╭─ INFORMATION

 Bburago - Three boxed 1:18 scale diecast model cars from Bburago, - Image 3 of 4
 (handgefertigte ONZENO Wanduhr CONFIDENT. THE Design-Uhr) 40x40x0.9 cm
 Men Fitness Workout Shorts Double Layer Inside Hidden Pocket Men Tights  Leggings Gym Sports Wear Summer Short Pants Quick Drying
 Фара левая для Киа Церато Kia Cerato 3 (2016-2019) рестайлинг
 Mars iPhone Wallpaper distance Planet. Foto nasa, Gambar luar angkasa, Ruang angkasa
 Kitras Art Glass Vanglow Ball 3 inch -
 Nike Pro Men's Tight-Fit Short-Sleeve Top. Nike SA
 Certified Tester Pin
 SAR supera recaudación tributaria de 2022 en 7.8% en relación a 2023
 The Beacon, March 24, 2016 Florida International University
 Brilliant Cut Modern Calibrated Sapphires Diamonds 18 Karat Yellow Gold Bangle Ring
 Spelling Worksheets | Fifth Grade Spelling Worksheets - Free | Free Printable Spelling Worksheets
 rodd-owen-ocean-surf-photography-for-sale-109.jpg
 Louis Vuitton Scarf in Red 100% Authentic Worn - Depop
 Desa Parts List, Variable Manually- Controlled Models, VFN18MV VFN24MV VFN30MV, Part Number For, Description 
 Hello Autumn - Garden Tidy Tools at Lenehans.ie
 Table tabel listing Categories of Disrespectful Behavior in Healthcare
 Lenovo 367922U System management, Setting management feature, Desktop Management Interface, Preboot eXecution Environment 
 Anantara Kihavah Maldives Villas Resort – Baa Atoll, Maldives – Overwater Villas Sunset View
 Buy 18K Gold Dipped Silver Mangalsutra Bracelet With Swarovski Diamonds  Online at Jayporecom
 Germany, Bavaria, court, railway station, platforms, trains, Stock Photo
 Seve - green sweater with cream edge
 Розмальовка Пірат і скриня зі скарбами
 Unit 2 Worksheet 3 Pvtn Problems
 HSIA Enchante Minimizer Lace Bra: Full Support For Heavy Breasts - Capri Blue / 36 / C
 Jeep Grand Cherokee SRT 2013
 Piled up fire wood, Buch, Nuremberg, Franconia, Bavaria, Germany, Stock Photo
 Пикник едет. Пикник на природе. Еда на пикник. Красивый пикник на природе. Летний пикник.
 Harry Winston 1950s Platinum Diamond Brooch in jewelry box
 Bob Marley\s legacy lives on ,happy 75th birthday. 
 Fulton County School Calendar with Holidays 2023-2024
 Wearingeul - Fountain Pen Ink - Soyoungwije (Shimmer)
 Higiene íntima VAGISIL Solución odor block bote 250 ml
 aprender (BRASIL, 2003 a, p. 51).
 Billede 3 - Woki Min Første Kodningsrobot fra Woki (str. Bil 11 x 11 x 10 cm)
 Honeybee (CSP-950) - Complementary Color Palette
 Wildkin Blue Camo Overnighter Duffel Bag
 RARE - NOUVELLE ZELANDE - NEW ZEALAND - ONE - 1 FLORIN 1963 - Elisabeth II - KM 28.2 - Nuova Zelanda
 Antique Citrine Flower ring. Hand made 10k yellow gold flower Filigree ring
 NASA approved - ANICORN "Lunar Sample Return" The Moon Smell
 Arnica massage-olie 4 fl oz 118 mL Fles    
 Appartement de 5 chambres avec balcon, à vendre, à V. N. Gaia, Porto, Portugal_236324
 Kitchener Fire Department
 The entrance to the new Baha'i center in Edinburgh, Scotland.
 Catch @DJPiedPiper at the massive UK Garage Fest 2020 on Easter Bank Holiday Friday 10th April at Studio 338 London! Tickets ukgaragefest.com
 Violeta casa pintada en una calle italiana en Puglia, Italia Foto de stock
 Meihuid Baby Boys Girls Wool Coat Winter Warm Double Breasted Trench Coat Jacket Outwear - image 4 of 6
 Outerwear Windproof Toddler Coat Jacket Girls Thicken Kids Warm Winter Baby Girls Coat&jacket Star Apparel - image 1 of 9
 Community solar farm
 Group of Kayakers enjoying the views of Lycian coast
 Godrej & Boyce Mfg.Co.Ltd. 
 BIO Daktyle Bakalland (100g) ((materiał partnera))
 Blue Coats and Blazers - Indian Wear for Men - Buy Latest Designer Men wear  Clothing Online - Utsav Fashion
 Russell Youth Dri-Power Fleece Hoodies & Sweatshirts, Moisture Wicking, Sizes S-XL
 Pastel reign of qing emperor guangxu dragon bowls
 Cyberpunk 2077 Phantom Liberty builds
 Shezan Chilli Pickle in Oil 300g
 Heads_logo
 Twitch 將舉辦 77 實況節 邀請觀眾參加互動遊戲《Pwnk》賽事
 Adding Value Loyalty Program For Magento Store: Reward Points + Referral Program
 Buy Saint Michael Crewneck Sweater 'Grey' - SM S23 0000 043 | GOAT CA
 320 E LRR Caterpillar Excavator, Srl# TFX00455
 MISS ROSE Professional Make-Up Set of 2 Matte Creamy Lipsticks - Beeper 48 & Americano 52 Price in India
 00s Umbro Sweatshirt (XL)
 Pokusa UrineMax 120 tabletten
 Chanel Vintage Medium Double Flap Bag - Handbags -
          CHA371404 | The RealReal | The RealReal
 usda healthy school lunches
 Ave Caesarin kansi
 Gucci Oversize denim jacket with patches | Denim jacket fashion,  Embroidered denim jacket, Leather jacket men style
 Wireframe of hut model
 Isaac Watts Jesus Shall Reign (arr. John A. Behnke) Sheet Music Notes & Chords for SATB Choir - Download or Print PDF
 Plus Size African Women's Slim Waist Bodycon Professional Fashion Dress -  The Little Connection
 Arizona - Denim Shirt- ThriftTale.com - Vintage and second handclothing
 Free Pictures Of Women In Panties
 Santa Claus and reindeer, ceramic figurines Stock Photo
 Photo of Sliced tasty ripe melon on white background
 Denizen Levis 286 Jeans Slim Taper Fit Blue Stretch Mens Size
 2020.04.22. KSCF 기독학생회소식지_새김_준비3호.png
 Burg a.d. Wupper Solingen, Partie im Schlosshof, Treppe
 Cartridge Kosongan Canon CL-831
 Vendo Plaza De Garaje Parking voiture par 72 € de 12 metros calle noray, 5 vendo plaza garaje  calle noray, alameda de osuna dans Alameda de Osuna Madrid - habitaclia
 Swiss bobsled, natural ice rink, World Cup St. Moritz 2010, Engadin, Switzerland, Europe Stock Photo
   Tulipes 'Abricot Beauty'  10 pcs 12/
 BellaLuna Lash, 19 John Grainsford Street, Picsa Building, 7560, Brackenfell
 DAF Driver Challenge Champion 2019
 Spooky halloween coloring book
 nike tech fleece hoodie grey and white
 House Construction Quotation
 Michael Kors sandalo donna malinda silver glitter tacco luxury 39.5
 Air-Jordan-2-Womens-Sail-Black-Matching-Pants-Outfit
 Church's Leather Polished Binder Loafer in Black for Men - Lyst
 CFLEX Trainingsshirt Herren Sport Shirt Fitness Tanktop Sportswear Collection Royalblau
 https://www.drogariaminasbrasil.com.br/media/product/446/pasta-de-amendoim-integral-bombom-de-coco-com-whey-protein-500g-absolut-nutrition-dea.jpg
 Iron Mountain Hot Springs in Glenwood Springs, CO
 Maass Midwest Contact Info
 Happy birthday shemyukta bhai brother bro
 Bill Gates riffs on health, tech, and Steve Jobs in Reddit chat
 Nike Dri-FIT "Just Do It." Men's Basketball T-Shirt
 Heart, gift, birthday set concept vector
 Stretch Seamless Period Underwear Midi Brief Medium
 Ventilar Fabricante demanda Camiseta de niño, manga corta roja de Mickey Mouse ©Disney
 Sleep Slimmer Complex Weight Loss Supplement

╰─

# EXERCISE INSTRUCTIONS
Going down the listing above, begin printing at the line with "Lenovo 367922U System" and finish with the line with "The entrance to", exactly as they appear.

# TASK RESULT
 Lenovo 367922U System management, Setting management feature, Desktop Management Interface, Preboot eXecution Environment 
 Anantara Kihavah Maldives Villas Resort – Baa Atoll, Maldives – Overwater Villas Sunset View
 Buy 18K Gold Dipped Silver Mangalsutra Bracelet With Swarovski Diamonds  Online at Jayporecom
 Germany, Bavaria, court, railway station, platforms, trains, Stock Photo
 Seve - green sweater with cream edge
 Розмальовка Пірат і скриня зі скарбами
 Unit 2 Worksheet 3 Pvtn Problems
 HSIA Enchante Minimizer Lace Bra: Full Support For Heavy Breasts - Capri Blue / 36 / C
 Jeep Grand Cherokee SRT 2013
 Piled up fire wood, Buch, Nuremberg, Franconia, Bavaria, Germany, Stock Photo
 Пикник едет. Пикник на природе. Еда на пикник. Красивый пикник на природе. Летний пикник.
 Harry Winston 1950s Platinum Diamond Brooch in jewelry box
 Bob Marley\s legacy lives on ,happy 75th birthday. 
 Fulton County School Calendar with Holidays 2023-2024
 Wearingeul - Fountain Pen Ink - Soyoungwije (Shimmer)
 Higiene íntima VAGISIL Solución odor block bote 250 ml
 aprender (BRASIL, 2003 a, p. 51).
 Billede 3 - Woki Min Første Kodningsrobot fra Woki (str. Bil 11 x 11 x 10 cm)
 Honeybee (CSP-950) - Complementary Color Palette
 Wildkin Blue Camo Overnighter Duffel Bag
 RARE - NOUVELLE ZELANDE - NEW ZEALAND - ONE - 1 FLORIN 1963 - Elisabeth II - KM 28.2 - Nuova Zelanda
 Antique Citrine Flower ring. Hand made 10k yellow gold flower Filigree ring
 NASA approved - ANICORN "Lunar Sample Return" The Moon Smell
 Arnica massage-olie 4 fl oz 118 mL Fles    
 Appartement de 5 chambres avec balcon, à vendre, à V. N. Gaia, Porto, Portugal_236324
 Kitchener Fire Department
 The entrance to the new Baha'i center in Edinburgh, Scotland.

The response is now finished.